BA carried 94,000 fewer passengers than in July last year as higher fares and the worsening economic environment led to weaker demand. The airline's load factor, an indication of how full each flight is, fell 5.4 percentage points to 75.8 per cent.
Summer traditionally is the season when aircraft are fullest as much of Europe goes on holiday, but BA has not experienced the sort of increase in business that it would expect. A load factor of 75 per cent would be more typical for BA during late autumn or early spring.
Publication of BA's traffic figures came as Iberia, the Spanish flag carrier, said that it would buy more than £200 million of shares in the British airline. Iberia bought 2.99 per cent of BA's stock last week just before merger talks between the carriers were announced. Iberia has access to a further 6.99 per cent of BA stock through derivative instruments.
Fernando Conte, Iberia's chairman and chief executive, said yesterday that he planned to raise the Spanish holding in BA by up to the same amount held through derivatives.
Increasing the stake to just under 10 per cent would cost Iberia an additional £217 million at present prices.
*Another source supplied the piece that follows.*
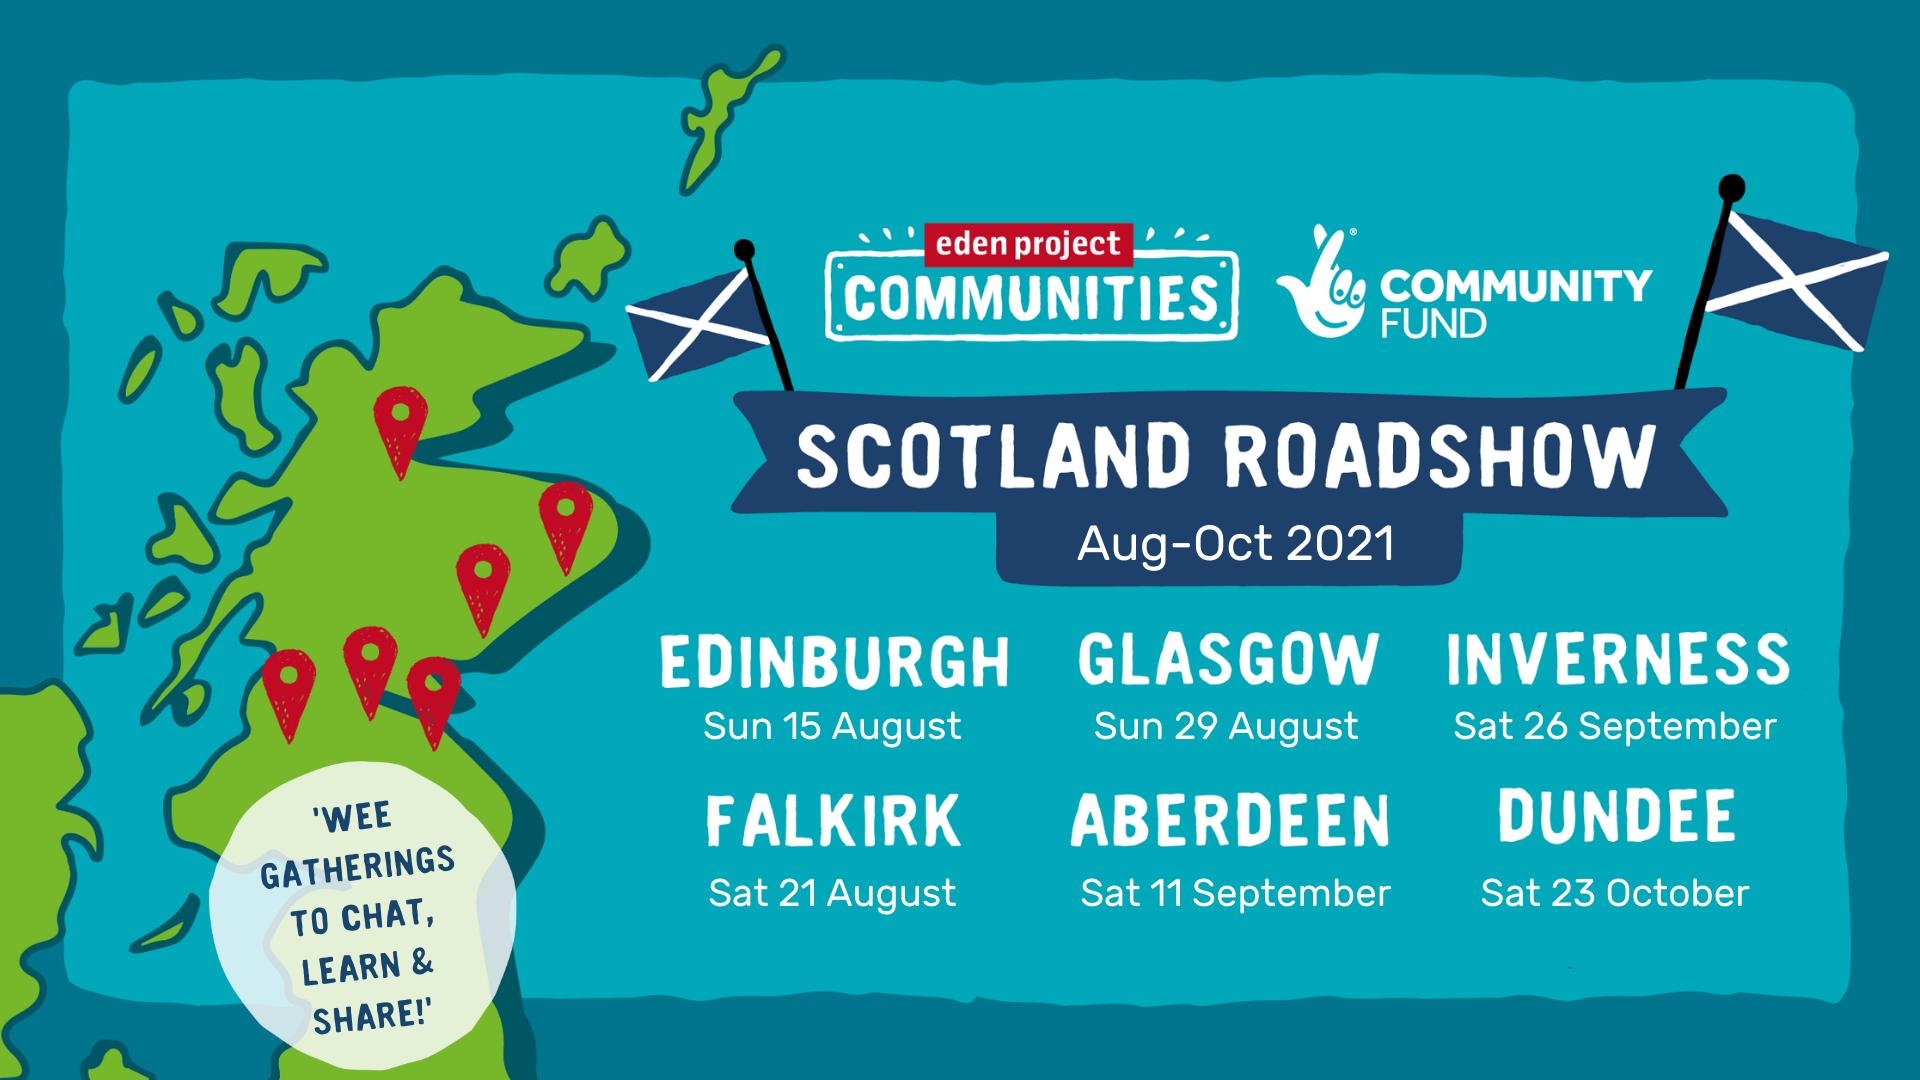 Graphic showing Scotland Roadshow dates

BA owns 13.15 per cent of Iberia and so the Spanish airline's purchase of extra shares will help to balance assets between the two carriers.
This could cut the premium that BA, as the bigger partner, would pay in the event of a merger. Iberia's decision to buy more stock helped to offset the poor traffic figures and BA's shares closed up 12p to 267p.
Mr Conte said: “Iberia intends over the coming months to acquire additional British Airways shares and to close the equivalent part of the derivatives long position.”
His comments came on another bad day for the European aviation sector as Iberia and Air France-KLM, two of the Continent's largest carriers, reported a massive collapse in profits. Iberia said that its operating loss in the first six months of this year was E32 million (£25.3 million), a 146 per cent fall on the same period last year. Air France-KLM, Europe's third-largest airline by passenger numbers, said that its first-quarter pre-tax profits had fallen 58 per cent to E251 million.
Both airlines blamed the falls on rising costs, particularly of fuel. High oil prices are putting pressure on airlines worldwide and carriers are responding by raising fares and cutting the number of flights they offer.
Iberia's first-half revenues rose to E2.6 billion, but it suffered a big fall in domestic passengers after the launch of a high-speed rail link between Barcelona and Madrid. Iberia has cut domestic capacity by 15 per cent as a result and plans further reduction as Europe's economy slows. Air France-KLM increased its revenues by 5.8 per cent to E6.3 billion, but this was offset by a 24 per cent increase in its fuel bill to E1.4 billion.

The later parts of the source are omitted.